In corporate America, brain drain occurs when workers choose to move on from their current employer, taking knowledge and expertise with them.
When applied to learning and development, brain drain can have significant impacts on the quality and consistency of learning experiences, innovation, and overall industry growth. Brain drain is also impacted heavily by its sister condition of skills gaps.
Learning and development have been impacted as much if not more, than most other parts of the organization by the explosion of new technology creating new ways of working. In particular, the need for more advanced data and analytics skills, digital media creation and curation, and the development of advanced modalities applied to learning, such as VR/AR and gaming, have put pressure on L&D professionals to advance their digital skills.
Complexities
When seasoned professionals leave, they take with them years, sometimes decades, of knowledge and expertise.

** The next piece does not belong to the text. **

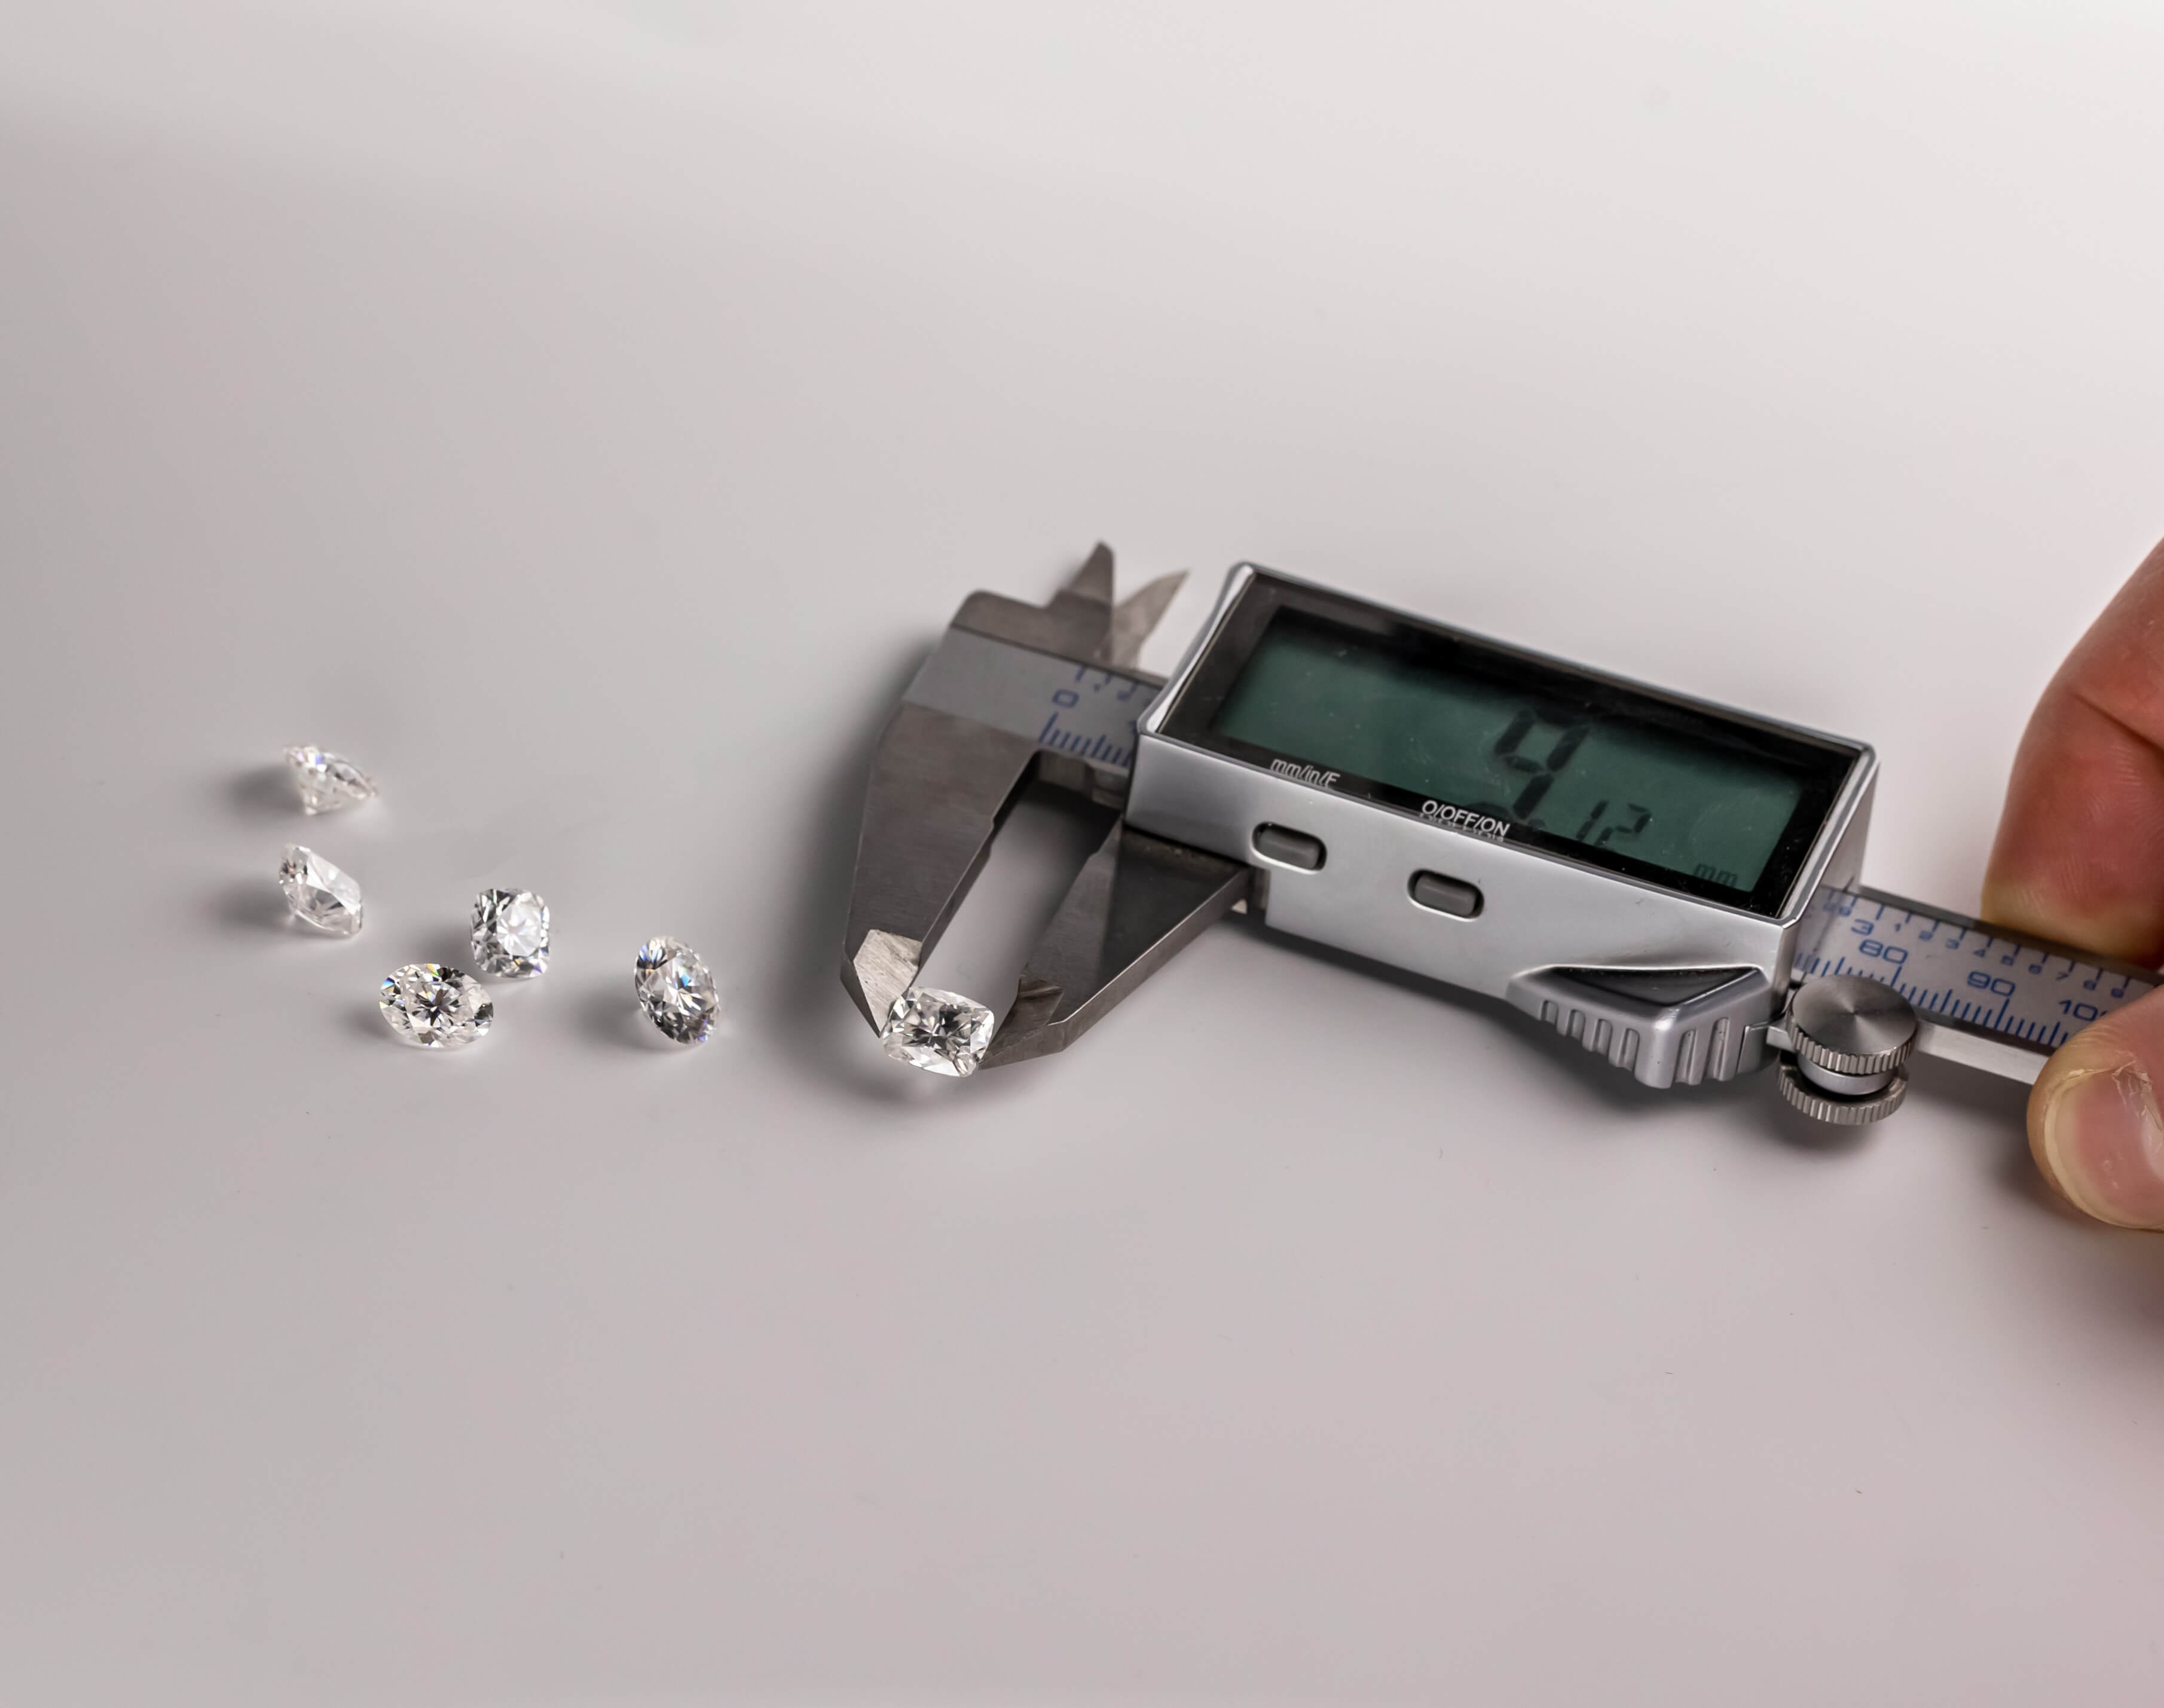 Measuring a diamond with calipers

This can lead to a decline in the quality of training and development programs, especially if those left behind are less experienced or less knowledgeable. Many experienced professionals in the L&D field are often responsible for innovating new strategies, methodologies, and technologies for effective learning. Their departure can slow down the pace of innovation within the industry.
An additional aspect of this impact is the rapid transformation of learning technologies, leading to a skill deficit among L&D professionals. Like most aspects of work, learning is evolving rapidly, and skills that were previously reserved for the IT, Marketing, and Data Analysis teams have made their way to the forefront of learning. Between the loss of experienced and skilled learning professionals and the skills deficit in the learning space, the ability to build long-term organizational capability can be slowed way down.

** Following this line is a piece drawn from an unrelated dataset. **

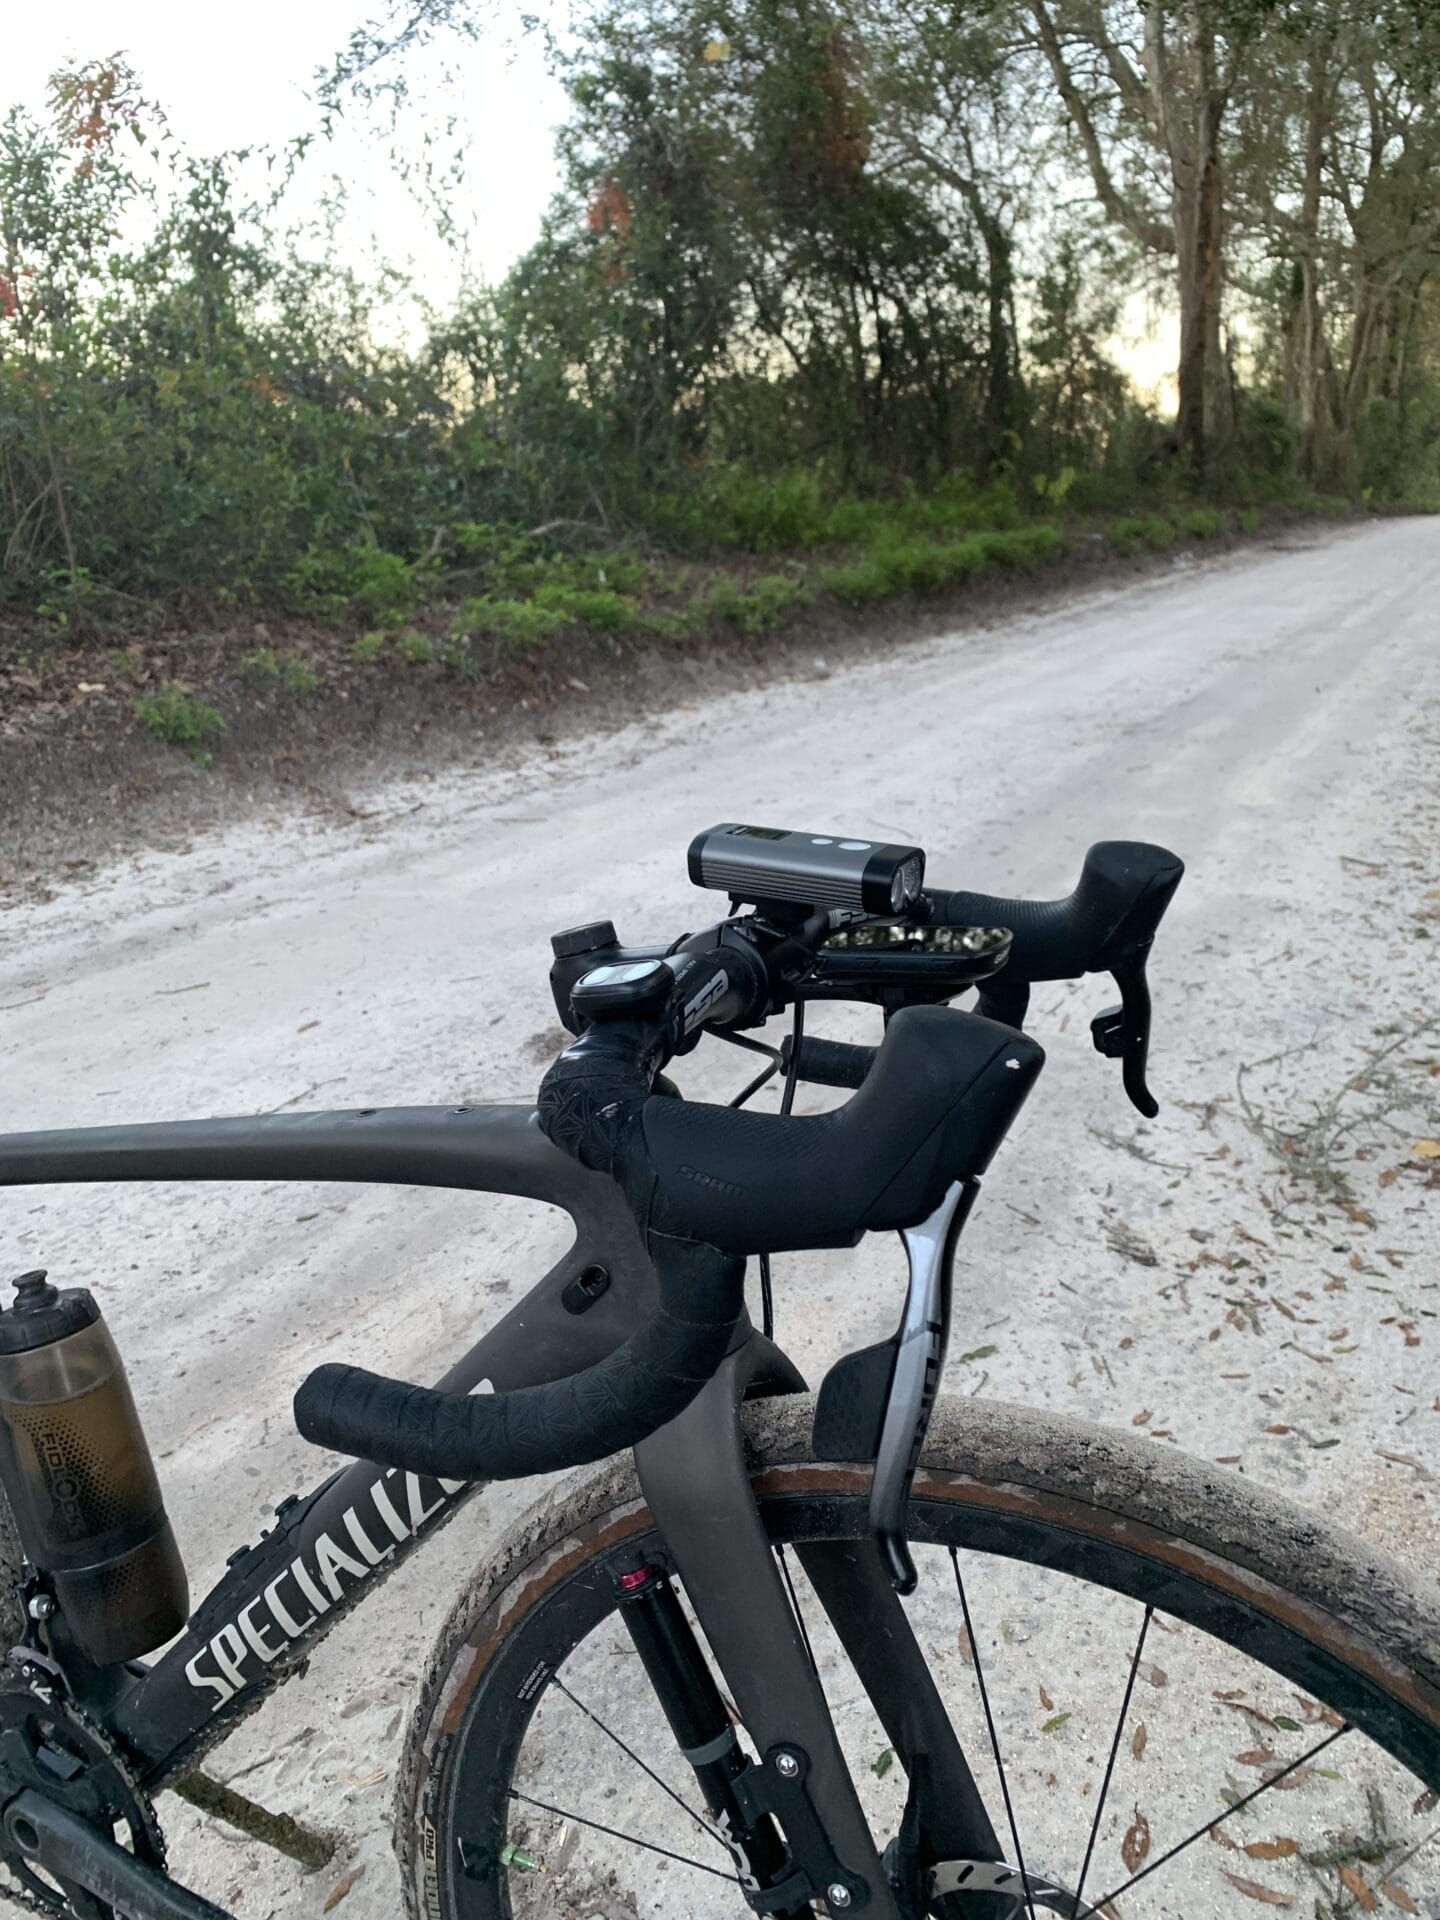 Ravement PR2000 mounted on the gravel bike with drop bars

Brandon Hall Group™ research reveals that 92 percent of respondents believe that their top talent is at risk of leaving the organization this year.
Consequences
The cost of replacing experienced professionals can be substantial. This includes recruitment costs and the time and resources spent on training new hires.
Brain drain can lead to service disruptions and delays, especially in the short term, as organizations struggle to find suitable replacements for departed employees. In the meantime, the remaining staff must reprioritize work because of diminished capacity to complete it. This can put a strain on employee morale and create quality issues in learning programs.
Brandon Hall Group POV
- Make L&D talent retention a strategic priority
Many L&D leaders mistakenly believe that retention risks in their area are minimal due to the specialized nature of the work. However, any leader who fails to pursue the retention of their key talent intentionally puts their effectiveness at risk. Nothing will short-circuit a winning strategy or critical program faster than losing the primary professional working on it.
- Competitive compensation and flexible work
Are you paying competitively? Has someone progressed significantly in their skills and capabilities to the point that someone else will pay them more? Are you enabling and allowing for a flexible approach to the work environment and processes to the extent possible? L&D professionals are easy targets for the outsourcing industry because of the truly flexible nature of the work and the premium pay. You must shore up your own offerings to guard against that turnover.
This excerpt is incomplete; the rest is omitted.